19. A system for calibrating an antenna array according to claim 18,
wherein said correction factors adjust the phase of signals received on
each antenna section.
20. A system for calibrating an antenna array according to claim 18,
wherein said correction factors adjust the amplitude of signals received
on each of said antenna sections.
21. A system for calibrating an antenna array according to claim 18,
wherein said correction factors adjust the phase and amplitude of signals
received on said antenna sections.
22. A system for calibrating an antenna array according to claims 18,
wherein the correction factors are applied to received signals before
active beamforming.
Description
The present invention relates to an antenna array for use in a base station
in a cellular communication system. More particularly the present
invention relates to a method and apparatus for calibrating an antenna
array that receives and transmits communication signals without disturbing
the normal traffic in the cellular communication system.

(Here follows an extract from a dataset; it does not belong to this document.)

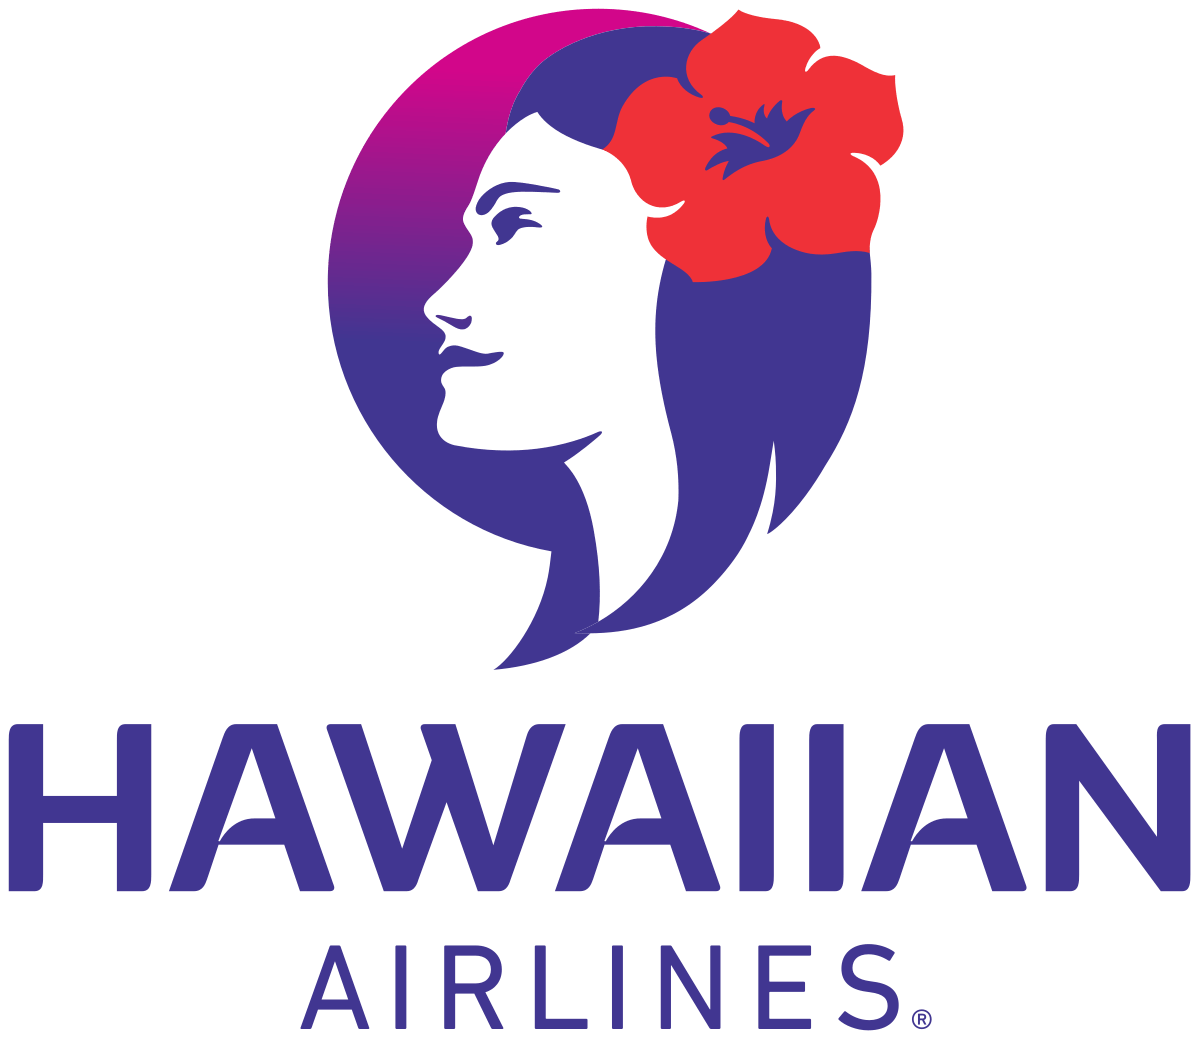 Largest Airlines Logo - Hawaiian Airlines

BACKGROUND OF THE INVENTION
The cellular industry has made phenomenal strides in commercial operations
in the United States as well as the rest of the world. The number of
cellular users in major metropolitan areas has far exceeded expectations
and is outstripping system capacity. Innovative solutions are thus
required to meet these increasing capacity needs as well as to maintain
high quality service and avoid raising prices. Furthermore, as the number
of cellular users increases, the problems associated with co-channel
interference become of increased importance.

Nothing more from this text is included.